Marks lidera o Ministry of Efficiency, Innovation and Digital Transformation, cargo que a coloca no centro da política sobre os serviços digitais da Jamaica, as plataformas de pagamento e o panorama fintech mais amplo. A Paymaster actua nesse mesmo campo, prestando serviços de pagamento e de transacções digitais em todo o país.

As actividades da empresa também se inserem num sector mais vasto de digital e telecomunicações, onde operadores regulados funcionam sob políticas governamentais e fiscalização regulatória. Essa sobreposição torna ainda mais importante lidar de forma aberta com quaisquer questões de conflito.

Perante esse contexto, há vários pontos que merecem uma resposta pública clara.

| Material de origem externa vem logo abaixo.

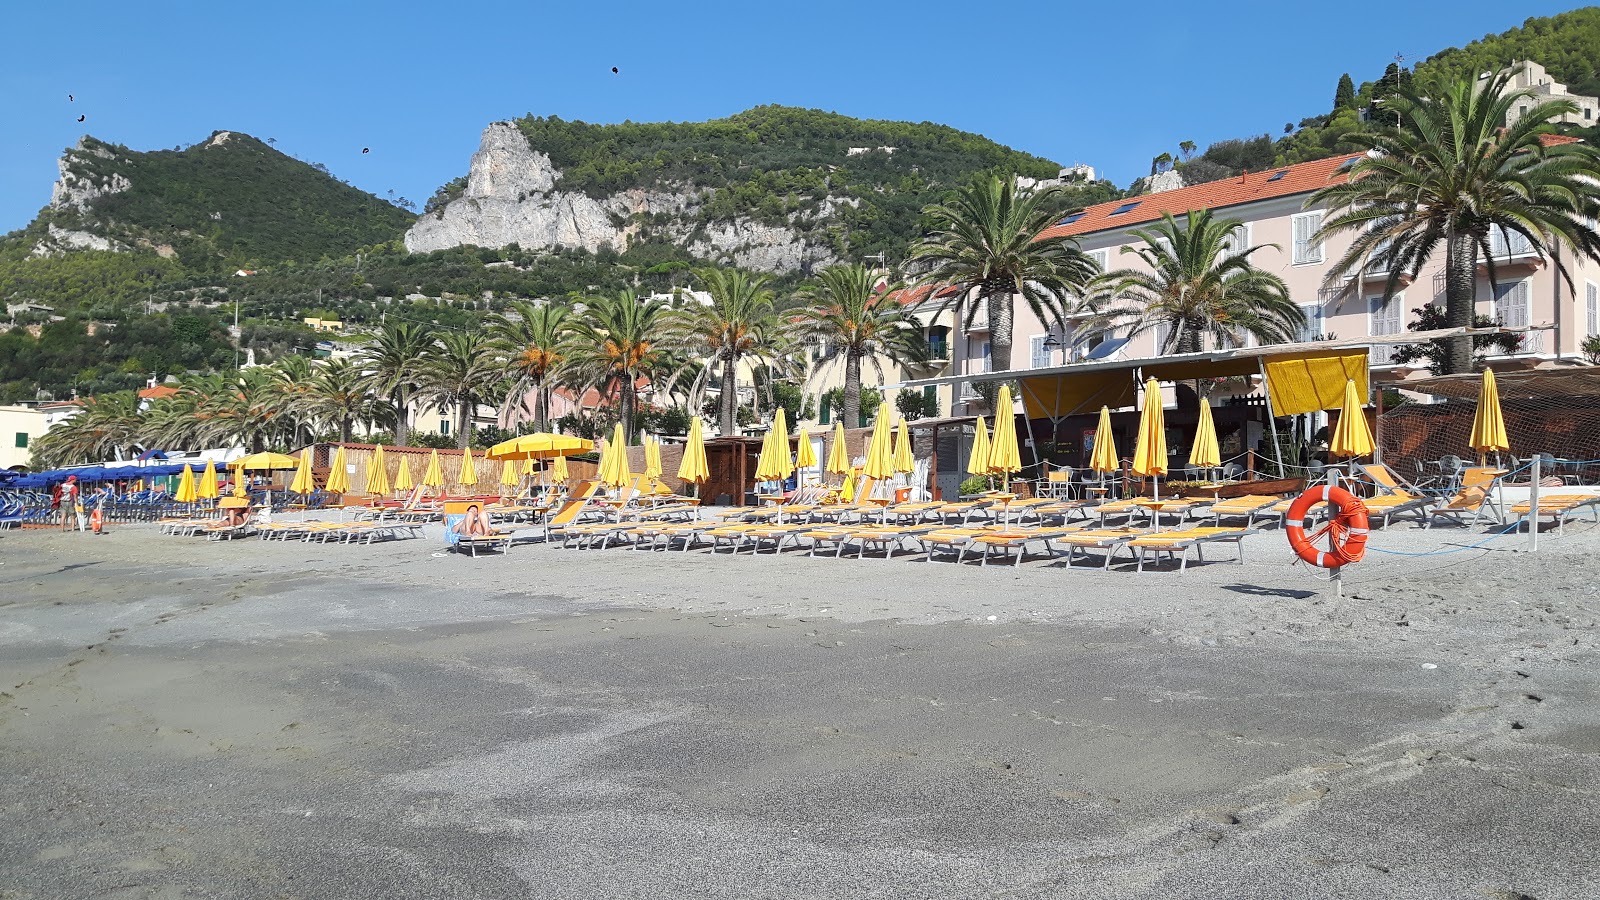 Fotografie cu Spiaggia libera di Varigotti - locul popular printre cunoscătorii de relaxare

A ministra pediu e obteve aprovação ou uma isenção do Parliamentary Ethics Committee para deter uma participação na Paymaster enquanto integra o Gabinete? As declarações obrigatórias foram apresentadas e analisadas ao abrigo das regras parlamentares aplicáveis a legisladores com interesses empresariais? Que passos formais de impedimento e gestão de conflitos existem para a afastar de decisões do Gabinete ou de políticas que possam afectar a Paymaster ou os seus concorrentes? E que medidas garantem que a política do Estado sobre transformação digital, pagamentos electrónicos, fintech e serviços relacionados permanece livre de influência privada real ou percebida?

Um membro do Gabinete que possua uma empresa num sector ligado à sua pasta será sempre alvo de escrutínio — e esse escrutínio tem de ser respondido de forma transparente. O ponto não é afirmar que tenha havido má conduta. A preocupação é saber se existem barreiras suficientemente fortes para bloquear conflitos reais, possíveis ou percebidos decorrentes desse duplo papel.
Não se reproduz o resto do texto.